# Union



## drewpopo (Dec 21, 2002)

Just curious how many of you are members of department's who have dropped their Union, and started an Assosiation, which is represented by a lawyer?? Or have you considered it.


----------



## radiocop (Sep 15, 2002)

I've heard of some places doing that. We are represented by MASSCOP union and they do a great job. Good attorneys and e-board. Also they run a few social events each year that are a good time.


----------



## 40th MPOC#309 (Aug 7, 2002)

We have our own in-house Association. We were in Masscops Union for awhile, but it seemed to create more trouble than it was worth-we got out and went back to our own little Association....Maybe other departments have had more positive interactions w/them. I'm not anti-union, I've been a union man for 22 years now....


----------



## mpd61 (Aug 7, 2002)

> Originally posted by 40th MPOC#309:
> * We have our own in-house Association. We were in Masscops Union for awhile, but it seemed to create more trouble than it was worth-we got out and went back to our own little Association....Maybe other departments have had more positive interactions w/them. I'm not anti-union, I've been a union man for 22 years now....  *


Yeah and look where it got you silly!(u miss Todd G?)

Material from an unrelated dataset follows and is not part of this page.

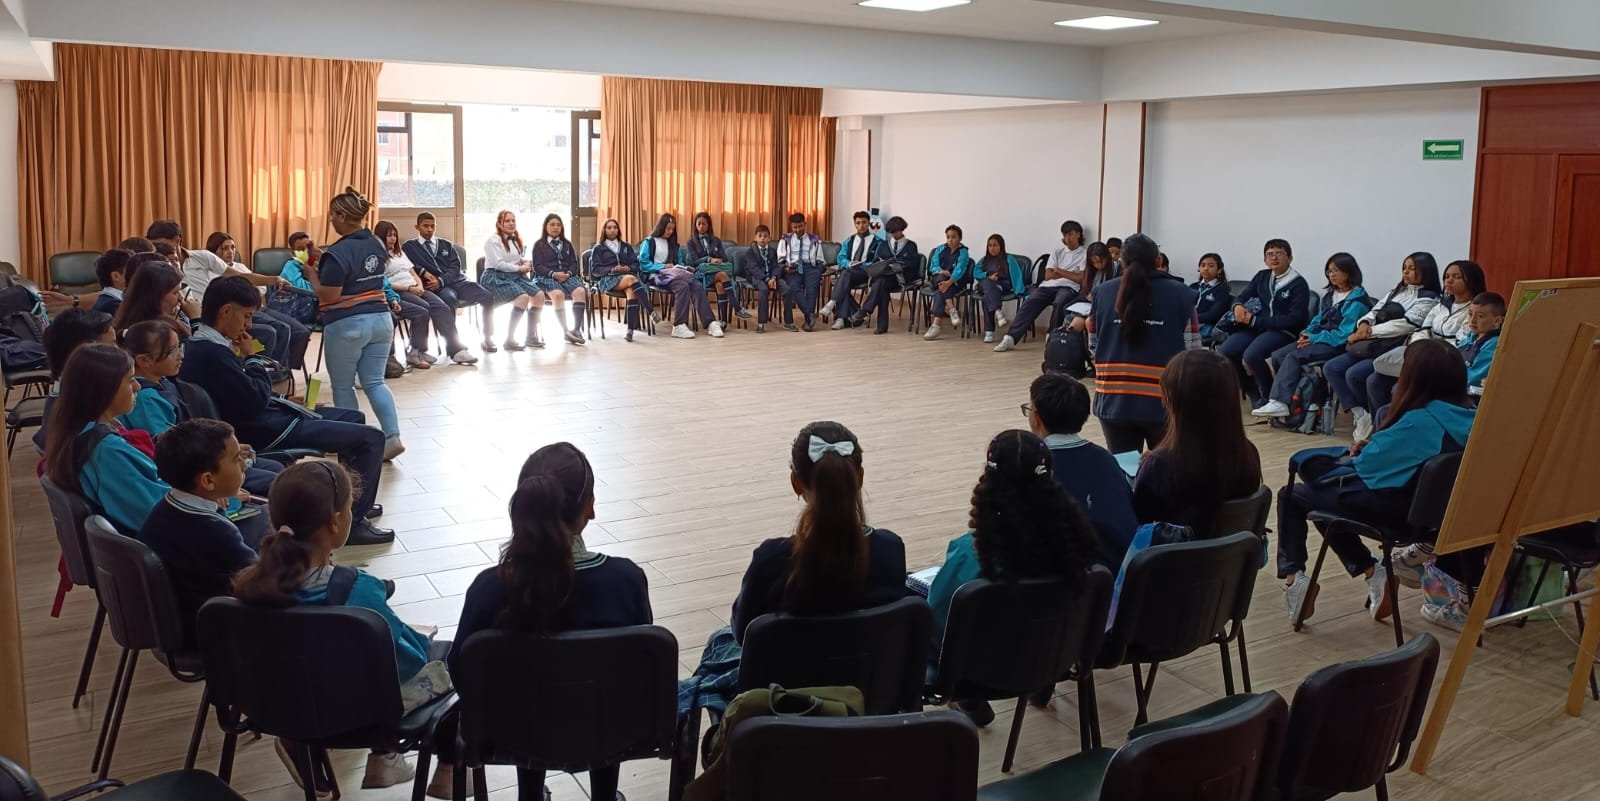 Embajadores de Cultura Regio, la estrategia pedagógica que llega a Sabana Occidente
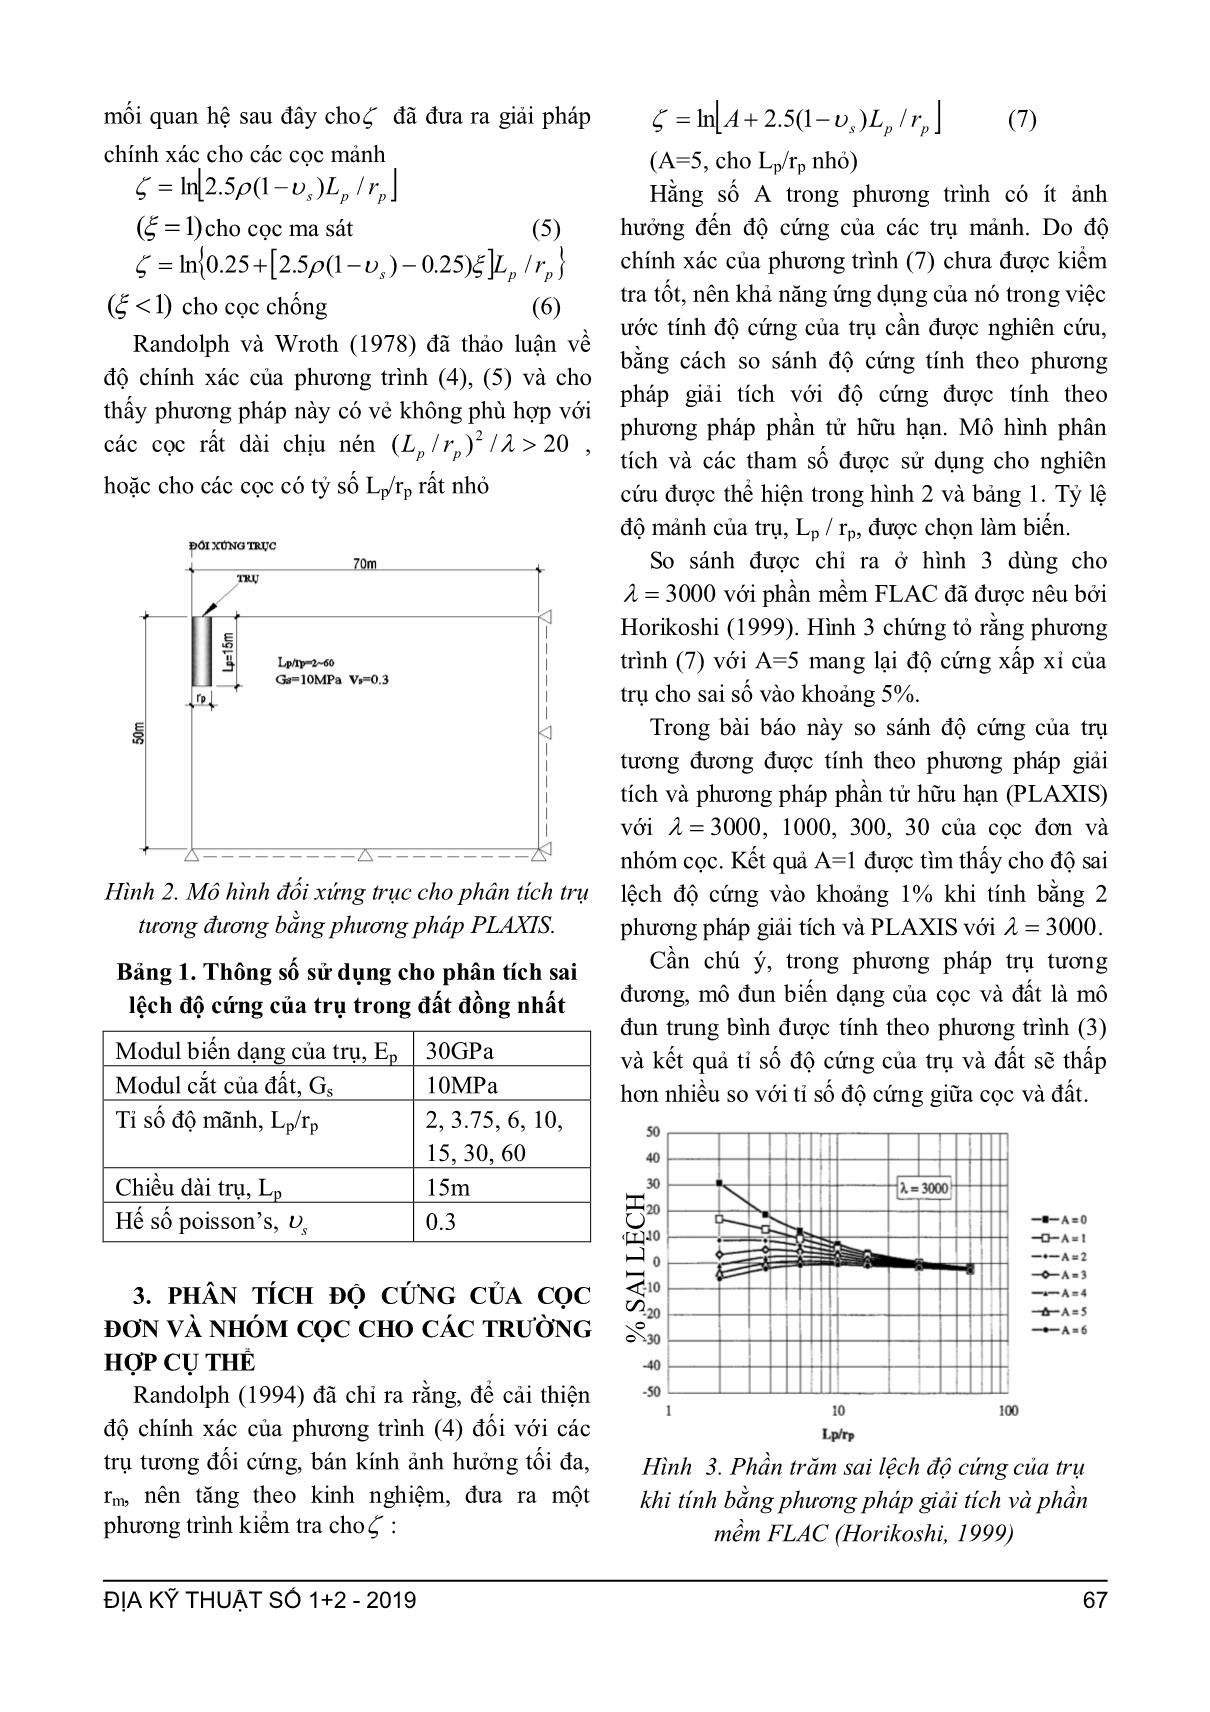 Phân tích các phương pháp tính toán độ cứng của cọc đơn và nhóm cọc trang 3

You're association president is a cool guy, I love his foreign legion rain hat! where do I get one?

Back to Topic........We're national union (AFL-CIO affiliation) and not getting much for it!


----------



## Anonymous (Jan 1, 1970)

We recently switched to an Assoc. from MassCop.The law firm we have seems rather competent,same MSP uses, but arbitrations and long legal battles could bankrupt most small associations.


----------



## drewpopo (Dec 21, 2002)

Thanks for your input, I recently started with my current dept. they were IBPO but dumpred them because they were not getting proper representa tion. We just settled our first contract as an assosiation with the help of the law offices of Timothy Burke "Same law office the rep's MSP" and I have to say they fought for us and we ended up with a decent contract given the state of the econemy. I recomend any dept. having a problem with a union think about this route.


----------



## drewpopo (Dec 21, 2002)

I think when you contracts expires you can just let them know that you no longer want representation, unless you have other arangements with the union about how long the dept. will be a member


----------



## union1 (Sep 18, 2002)

Were our own







association at Emerson. Law Offices of Allan McDonald rep us. Only complaint I have is about the employer.


----------



## j809 (Jul 5, 2002)

How can we get rid of our union? What would be the process?


----------



## j809 (Jul 5, 2002)

Do you need the whole department to vote out of the union or can it be a majority. Union screwed us anyway and we've been working without a contract for two years.


----------



## drewpopo (Dec 21, 2002)

jb1971

I will talk to my union pres on monday and find out what the process is to dump the union, keep in mind its more exspensive to have an assosiation our dues are 50 a month


----------



## PearlOnyx (Jun 28, 2002)

A few years before I started, we dropped a big national union, and formed our own association. In a sense, it seems more approachable, but on the other hand we do'nt seem to have the power that I've seen from other large national unions. Captains and up though are still a part of the IBCO.


----------



## chuckfarley (Mar 11, 2003)

Just remember, when you file grievances and/or arbitration hearings *your association* pays for the lawyer. This could result in a serious legal tab owed to your lawyer.


----------



## mpd61 (Aug 7, 2002)

JB1971 said:


> How can we get rid of our union? What would be the process?


Yimmy,
I'm afraid we can't get out of the union...................I think Rocky will break our legs!
:shock:


----------